* _Work required_:
Your reply should reproduce each line below exactly and carry none of the pictures.

* _Provided material_:
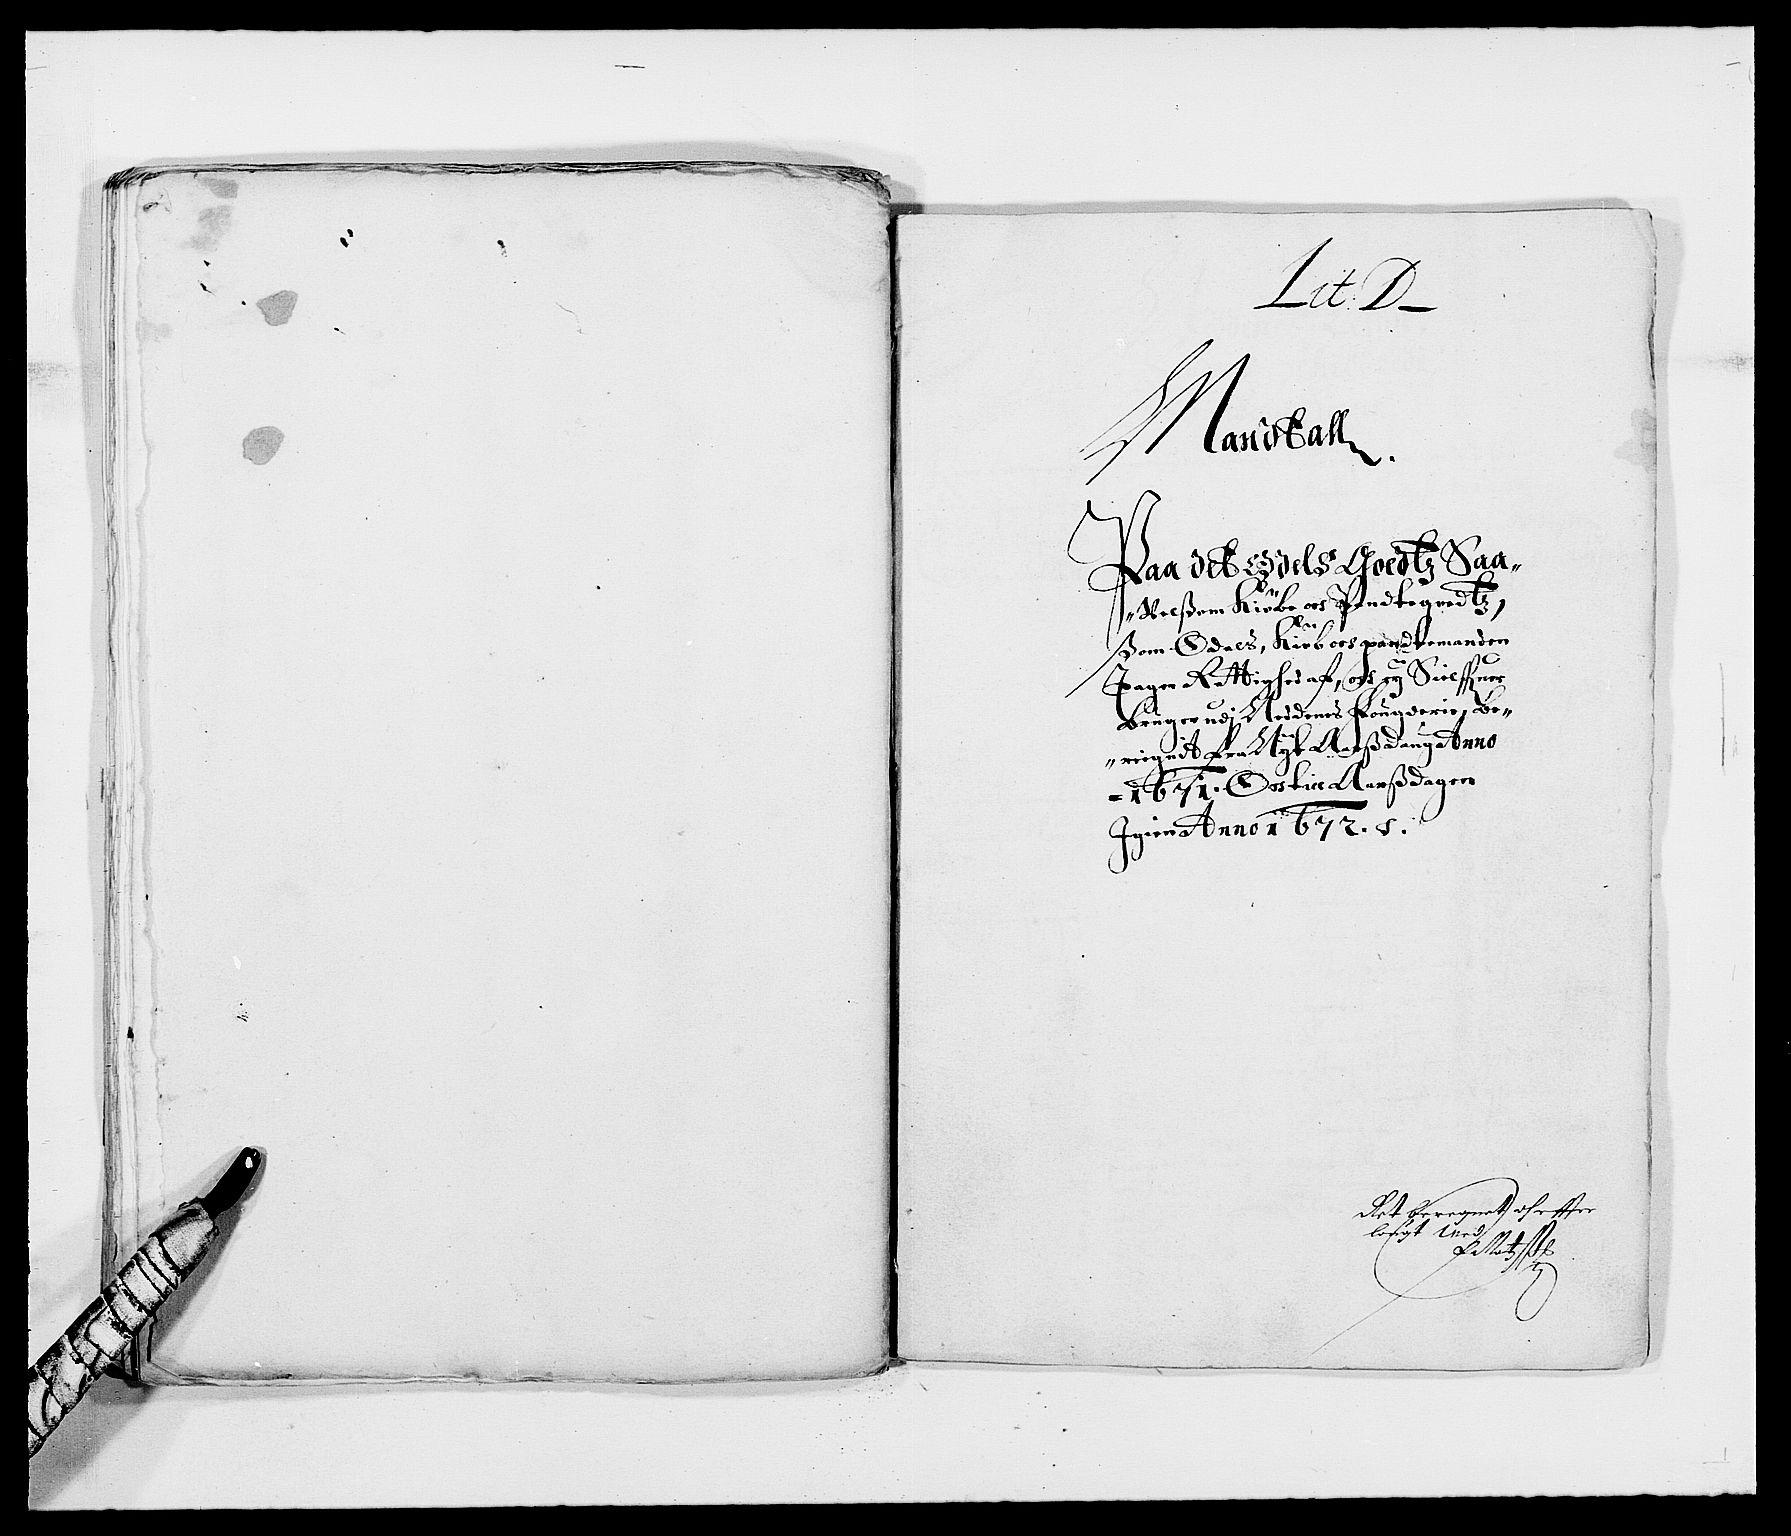 RA, Rentekammeret inntil 1814, Reviderte regnskaper, Fogderegnskap, R39/L2299: Fogderegnskap Nedenes, 1670-1671, s. 234
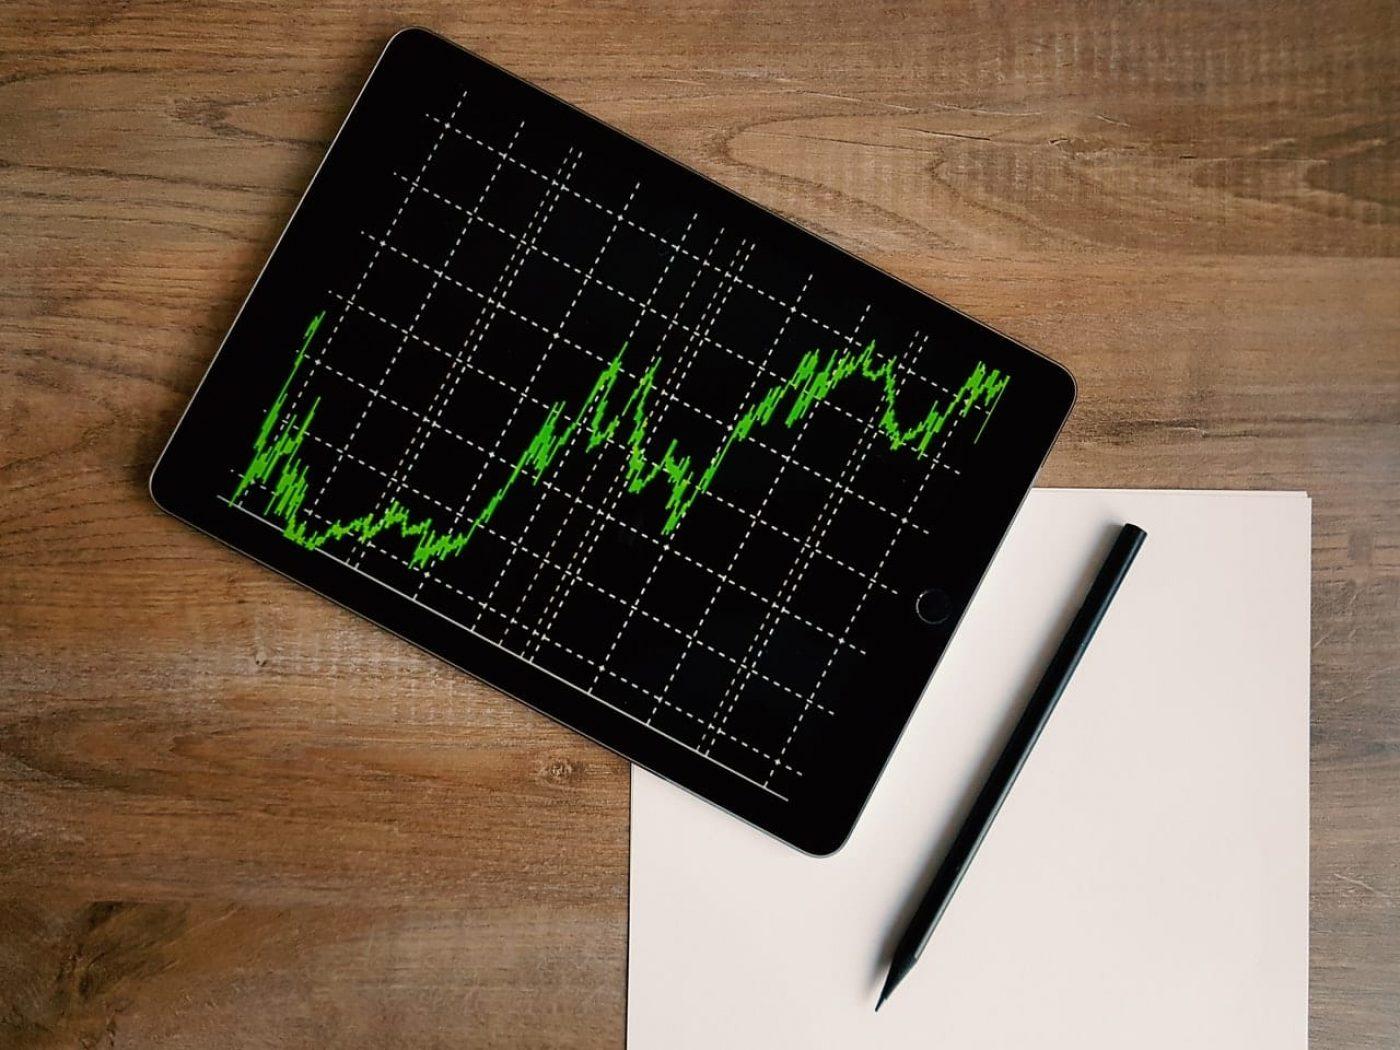 ירידות בשוק ההון עקב נגיף הקורונה
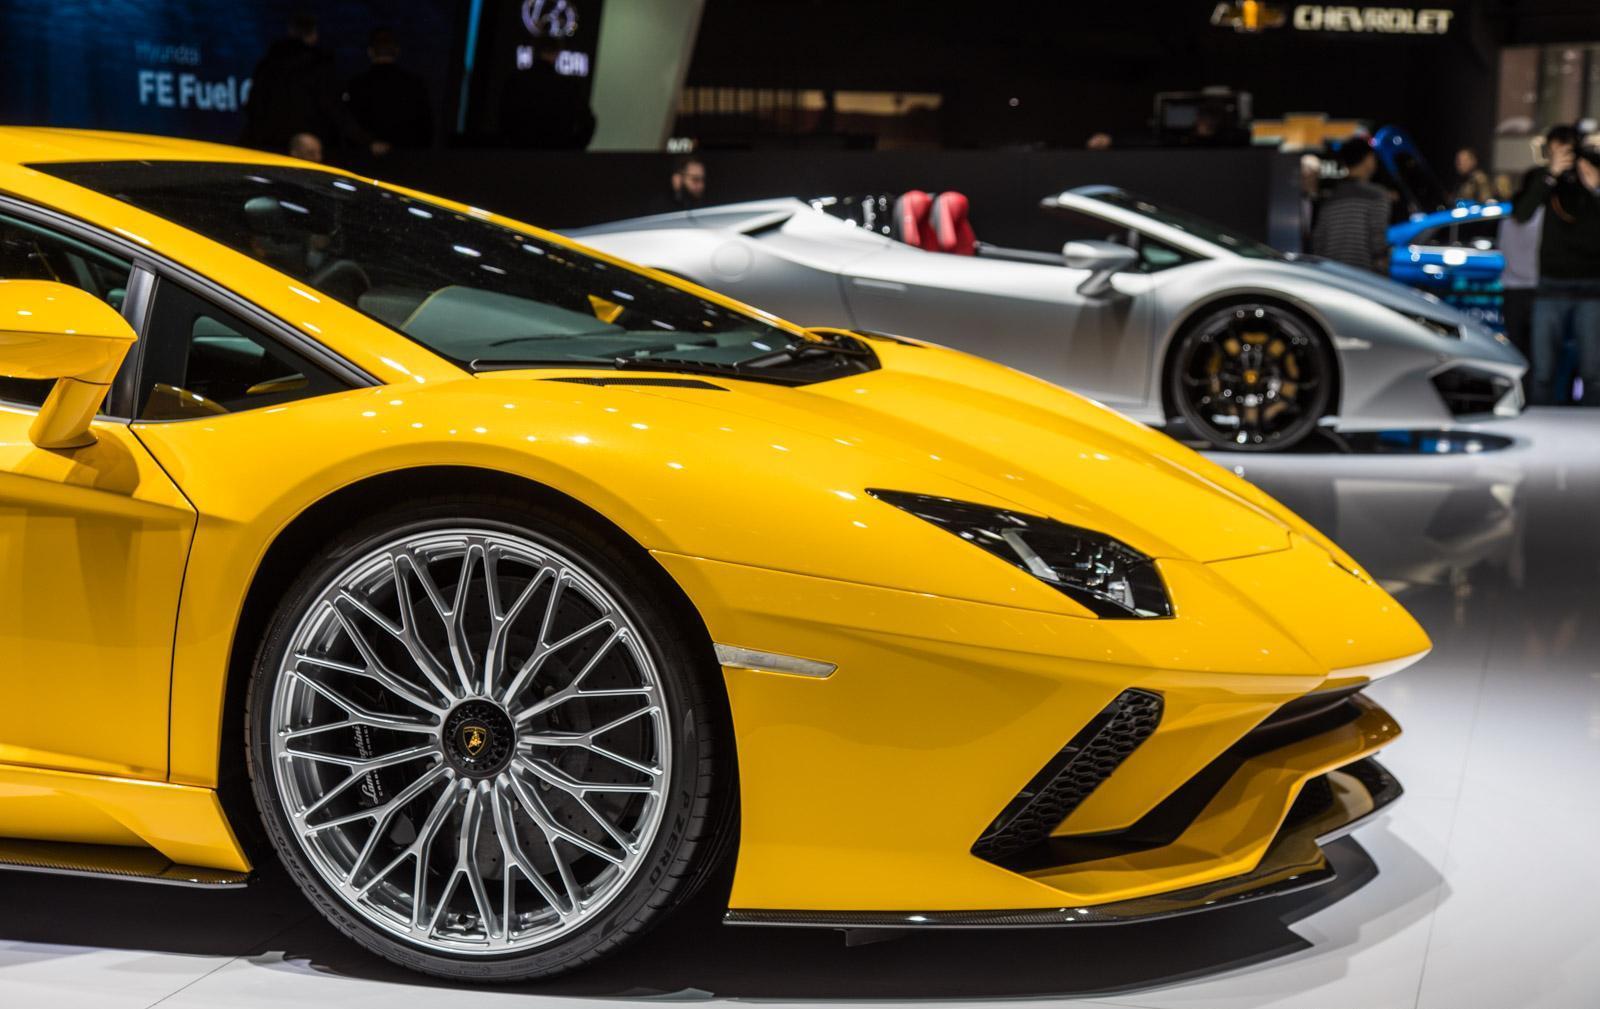 Lamborghini-aventador-s-003

* _Exercise output_:
 RA, Rentekammeret inntil 1814, Reviderte regnskaper, Fogderegnskap, R39/L2299: Fogderegnskap Nedenes, 1670-1671, s. 234
 ירידות בשוק ההון עקב נגיף הקורונה
 Lamborghini-aventador-s-003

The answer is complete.